Susan Granger’s review of “War Paint” (Nederlander Theatre)
Alphabetically, it’s Christine Ebersole and Patti LuPone as Elizabeth Arden and Helena Rubenstein. Now, if none of these names is familiar to you, this should not be your Broadway destination.
But if you’re eager to see two dueling divas conquer the cosmetics industry. Run to the box-office.
Their story began in the mid-1930s, when women realized that a freshly scrubbed face could be chemically enhanced, giving birth to the cosmetics industry.
In Manhattan, Elizabeth Arden’s “Red Door” warmly welcomed sophisticated socialites, as genteel Miss Arden, a Canadian WASP, dispensed eternal youth in pretty, pristine, rose-petal pink packages that, admittedly, cost more than the lotions they contained.
But then formidable Helena Rubenstein, a heavily-accented Polish Jew, returned from Europe with her own innovative, scientifically formulated rejuvenation creams.
Both were determined that American women should put their “Best Face Forward.”
A bitter rivalry ensued, as Ms.
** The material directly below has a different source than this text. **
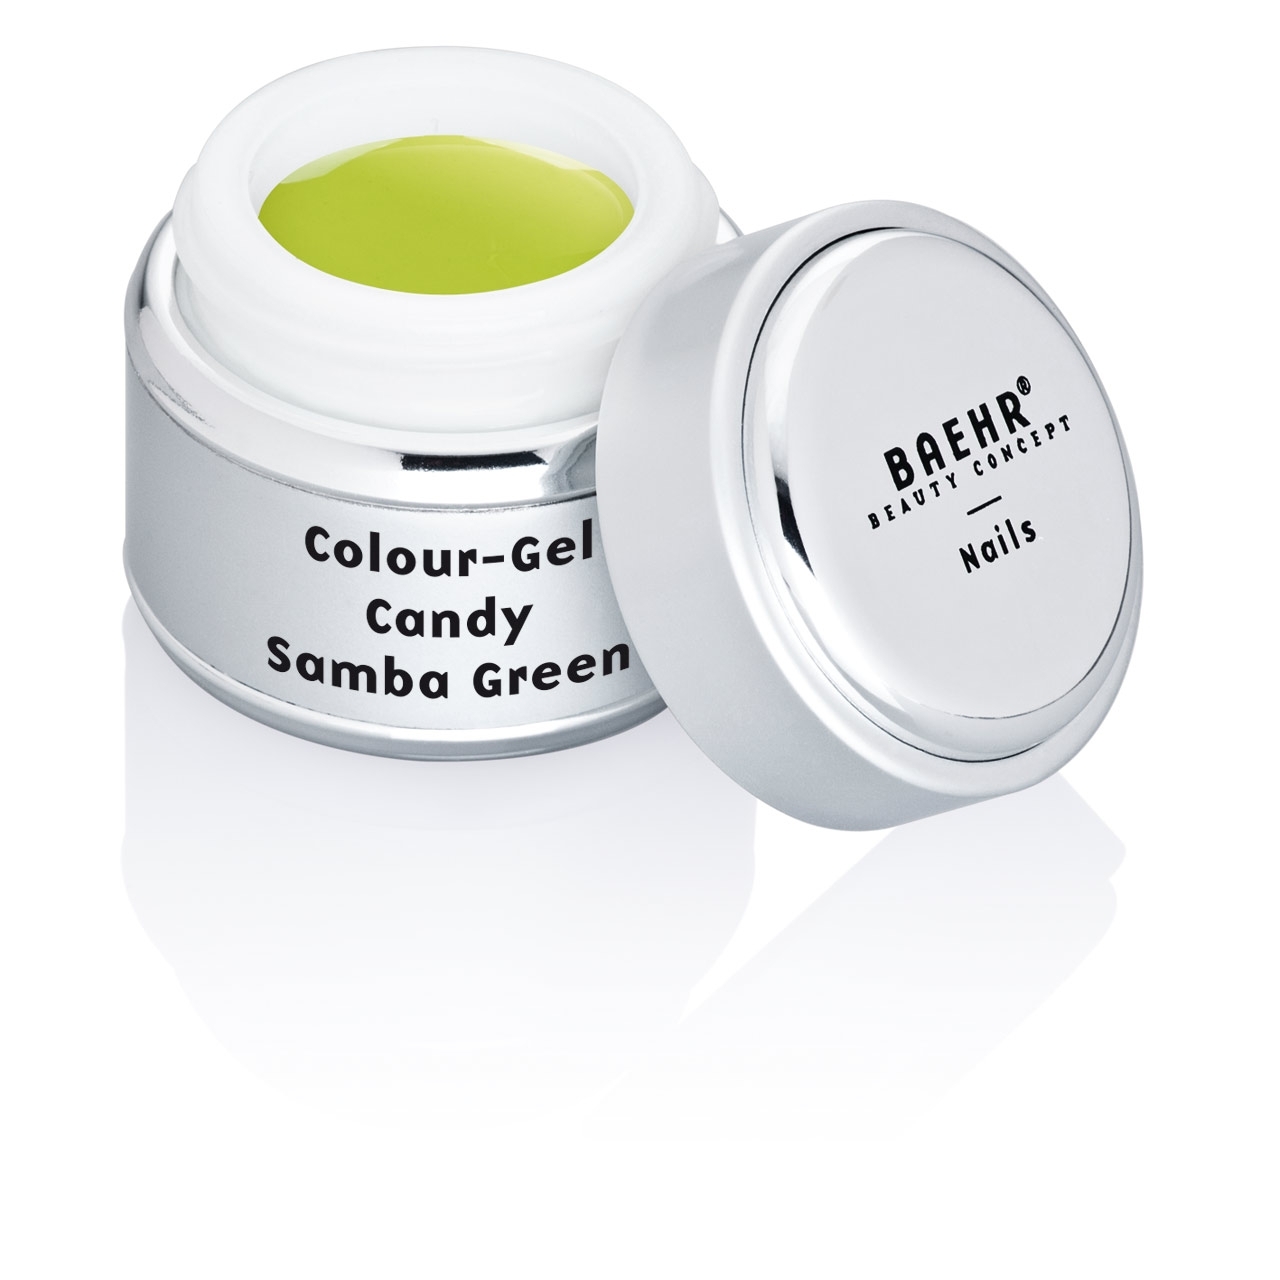 BAEHR BEAUTY CONCEPT NAILS Colour-Gel Candy Samba Green 5 ml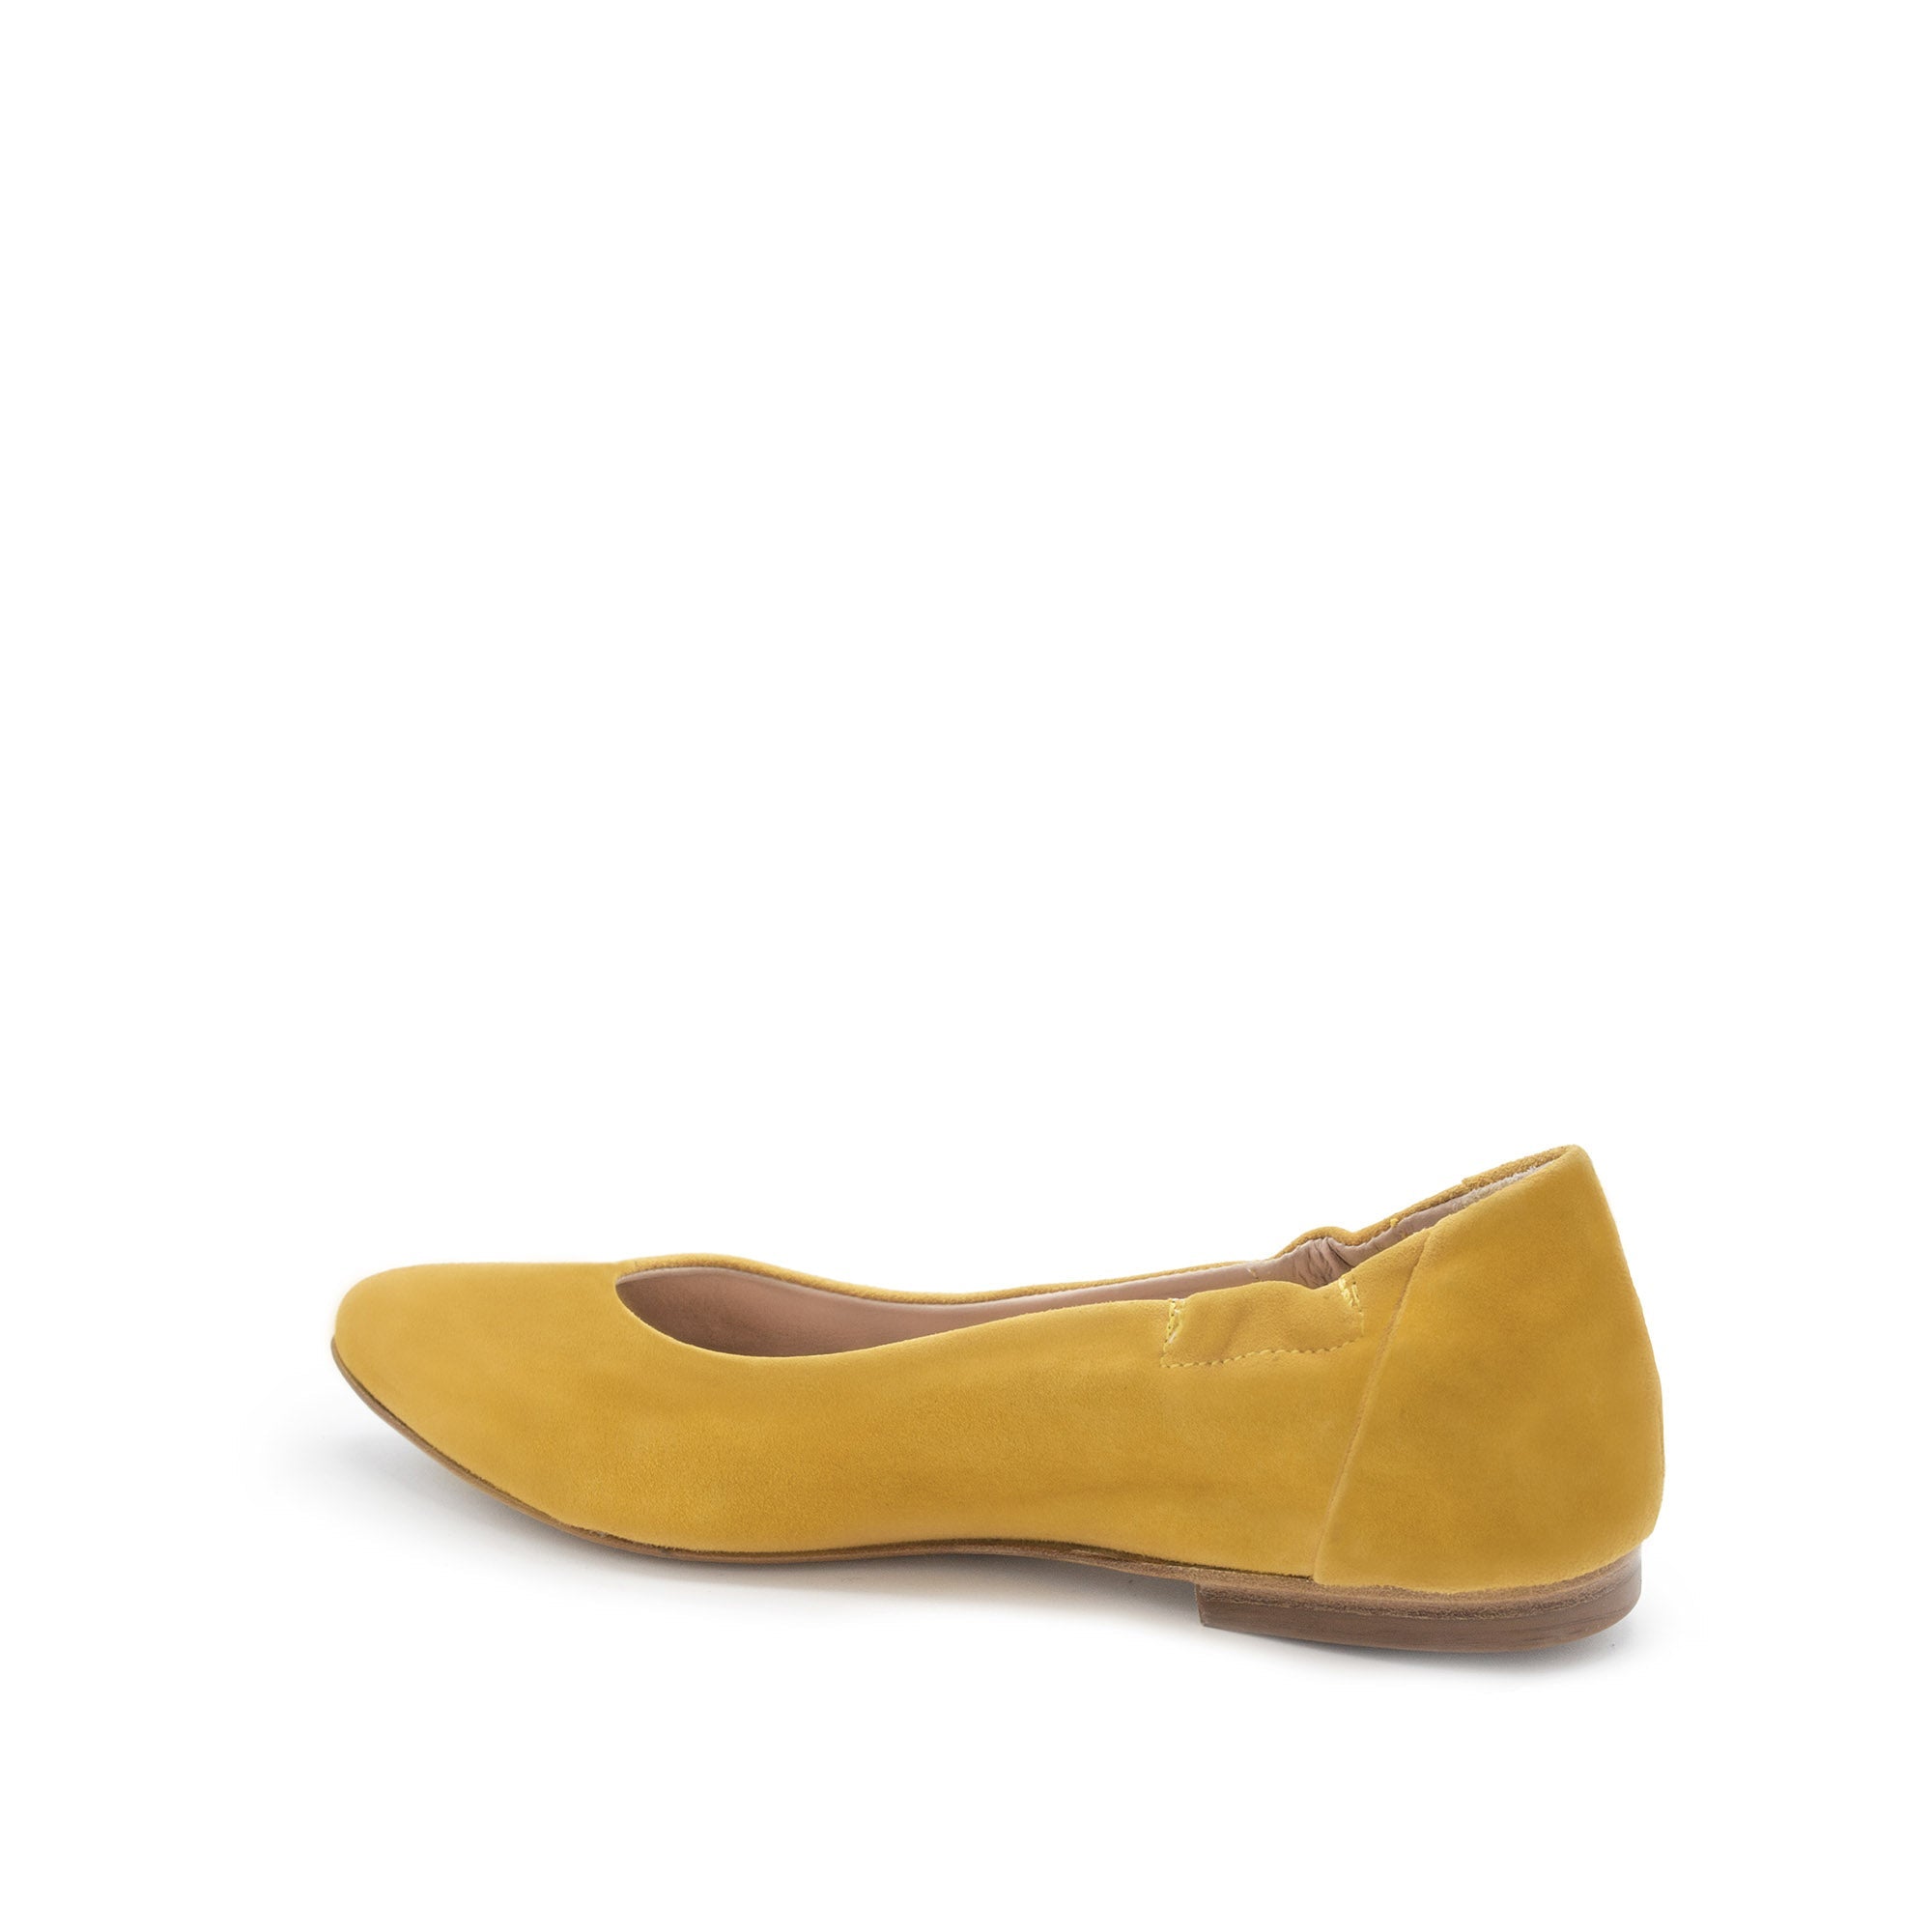 Mara Flats | Women’s Ballet Flats | Italian Suede Shoes - Italeau Nuova

Arden’s ambitious, marketing-savvy husband, Tommy Lewis (John Dossett), transferred his allegiance to Ms. Rubenstein, while Ms. Rubenstein’s gay right-hand man, Harry Fleming (Douglas Sills), duplicitously delivered her secret ingredients to Ms. Arden’s laboratory.
After deliberately avoiding meeting one another, yet leading parallel lives with posh salons only a few blocks from one another on Fifth Avenue, both beauty entrepreneurs ruefully confess what they’ve sacrificed to achieve success – in “If I’d Been a Man.”
And they come to realize that savvy new competitors, like glitzy Charles Revson (Erik Liberman), are crowding their extravagantly expensive products off the shelves. Looking back, Ms. Rubenstein once noted, “With Arden’s packaging and my product, we could have ruled the world.”
Inspired by Lindy Woodhead’s dual biography that became a PBS documentary, it’s created by Doug Wright (book), Scott Frankel (music) and Michael Korie (lyrics), and artfully staged by Michael Greif with Catherine Zuber’s chic period costumes, David Korins’ artful set, and Kenneth Posner’s flattering lighting.
But the character-driven concept is only skin deep, something one realizes only at the conclusion when both ferociously competitive makeup mavens thoughtfully question: “Did we make women free-er? Or did we enslave them?” One only wishes they’d pursued this pertinent dilemma a bit further.
“War Paint” is currently playing at the Nederlander Theatre, 208 W. 41st Street.